Acute myeloid leukemia (AML) consists of a group of malignant disorders characterized by the replacement of normal bone marrow with abnormal, immature blood-forming cells. AML is a relatively rare disease, as it accounts for about 1.2% of cancer deaths in the United States. However, as age is an adverse factor, it is expected that AML incidence increases as the population ages. Without treatment, most people with acute myeloblastic leukemia develop infection and bleeding and die within a few weeks to months after being diagnosed. AML is often mentioned under one of the following names:
• acute myelocytic leukemia
• acute myelogenous leukemia
• acute granulocytic leukemia
• non-lymphocytic leukemia
• acute myeloid cancer
The 5-year survival rate refers to the number of patients with acute myeloid cancer still alive after 5 years since treatment, compared to the general population. Myelo cancer therapy has as a result an average 5-year survival of 20% to 40% of the patients, without any relapse. Relapses occur in the majority of the cases within the first 5 years after initial treatment, and most people who stay leukemia-free after 5 years are considered cured.
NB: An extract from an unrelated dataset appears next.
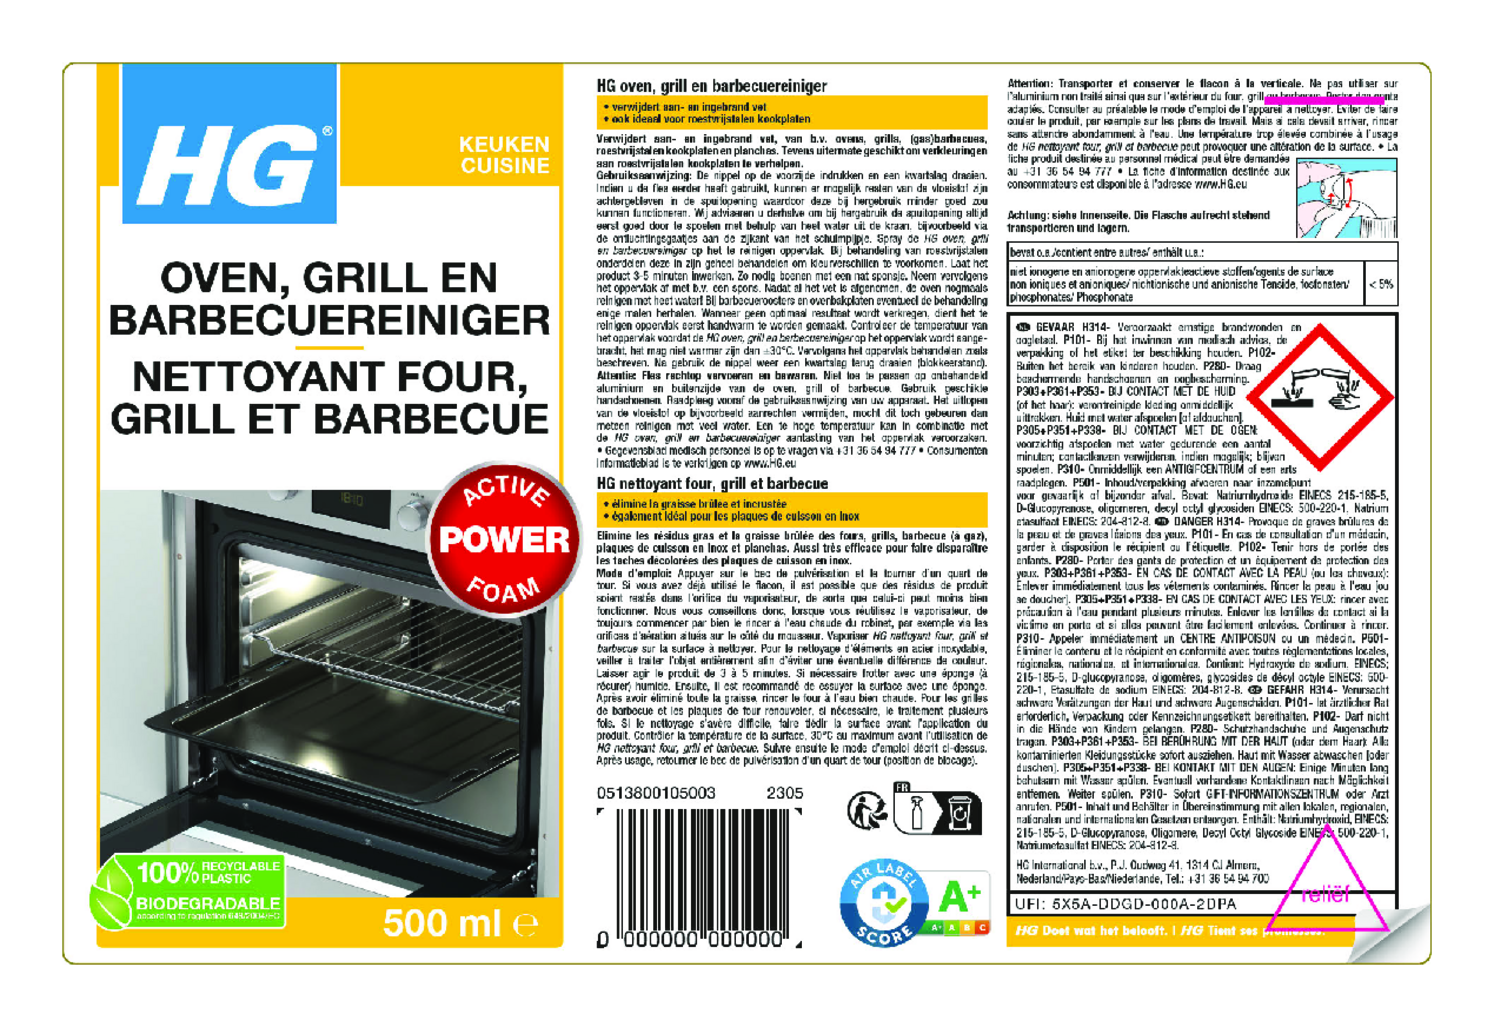 Keuken Oven, Grill en Barbecue Reiniger afbeelding van document #1, etiket

AML often starts in the bone marrow, but in most cases it is transferred to the blood. Further spreading affects different parts of the body including the lymph nodes, liver, spleen, central nervous system (brain and spinal cord), the testicles (in men) and ovaries (in women). The presence of an overly high number of leukemic myeloblasts in the bone marrow, blood and the different organs undermines the ability of the body to protect itself against infection. Infection is the number one cause of death in myelo cancer. The number two cause is bleeding. Malfunction in blood clotting makes bleeding a life-threatening condition even in case of minor injuries.
There are two factors that cause treatment failure in acute myeloid leukemia:
• Resistance to therapy: resistance is most often manifested as relapse after a brief period of remission. It is less often for resistance to manifest as failure to enter complete remission (CR).
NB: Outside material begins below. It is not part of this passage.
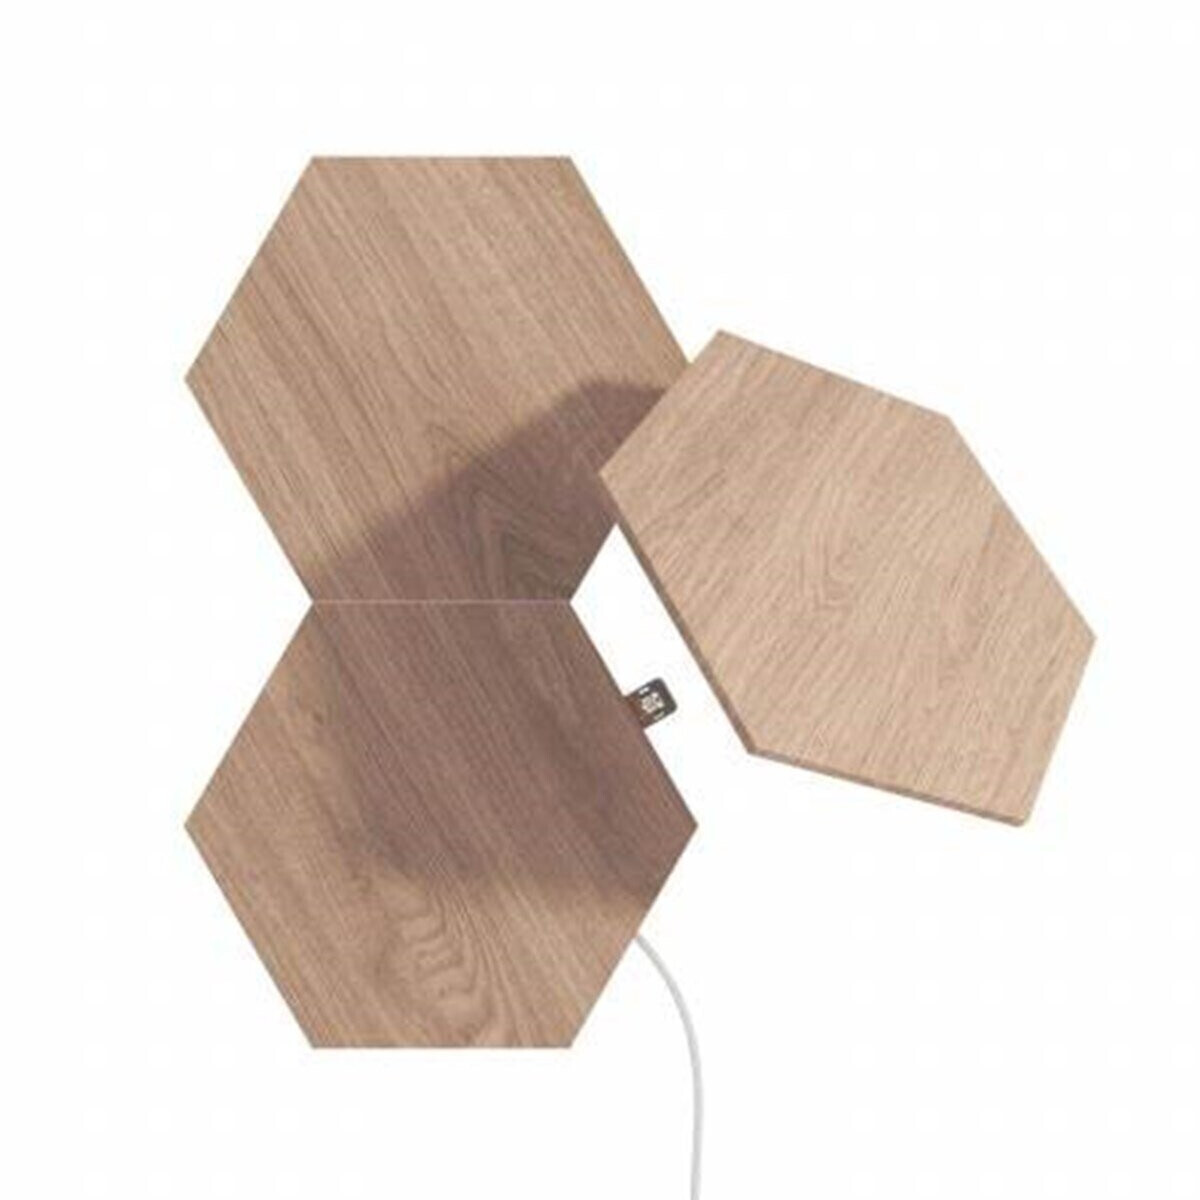 Nanoleaf Elements Hexagons Wood Look Preisvergleich ab (NL52-E-0001HB-3PK) | bei € Licht-Panele 3 59,99 Erweiterungsset

• Early death: though any definition of early death can be considered arbitrary, usually patients dying within a period of seven weeks after chemotherapy starts, enter this category.
Risk factors for early death are age, performance status, and organ function, while the risk factors for chemotherapy resistance are cytogenetics and a history of abnormal blood counts for a period of at least one month prior to the AML diagnosis.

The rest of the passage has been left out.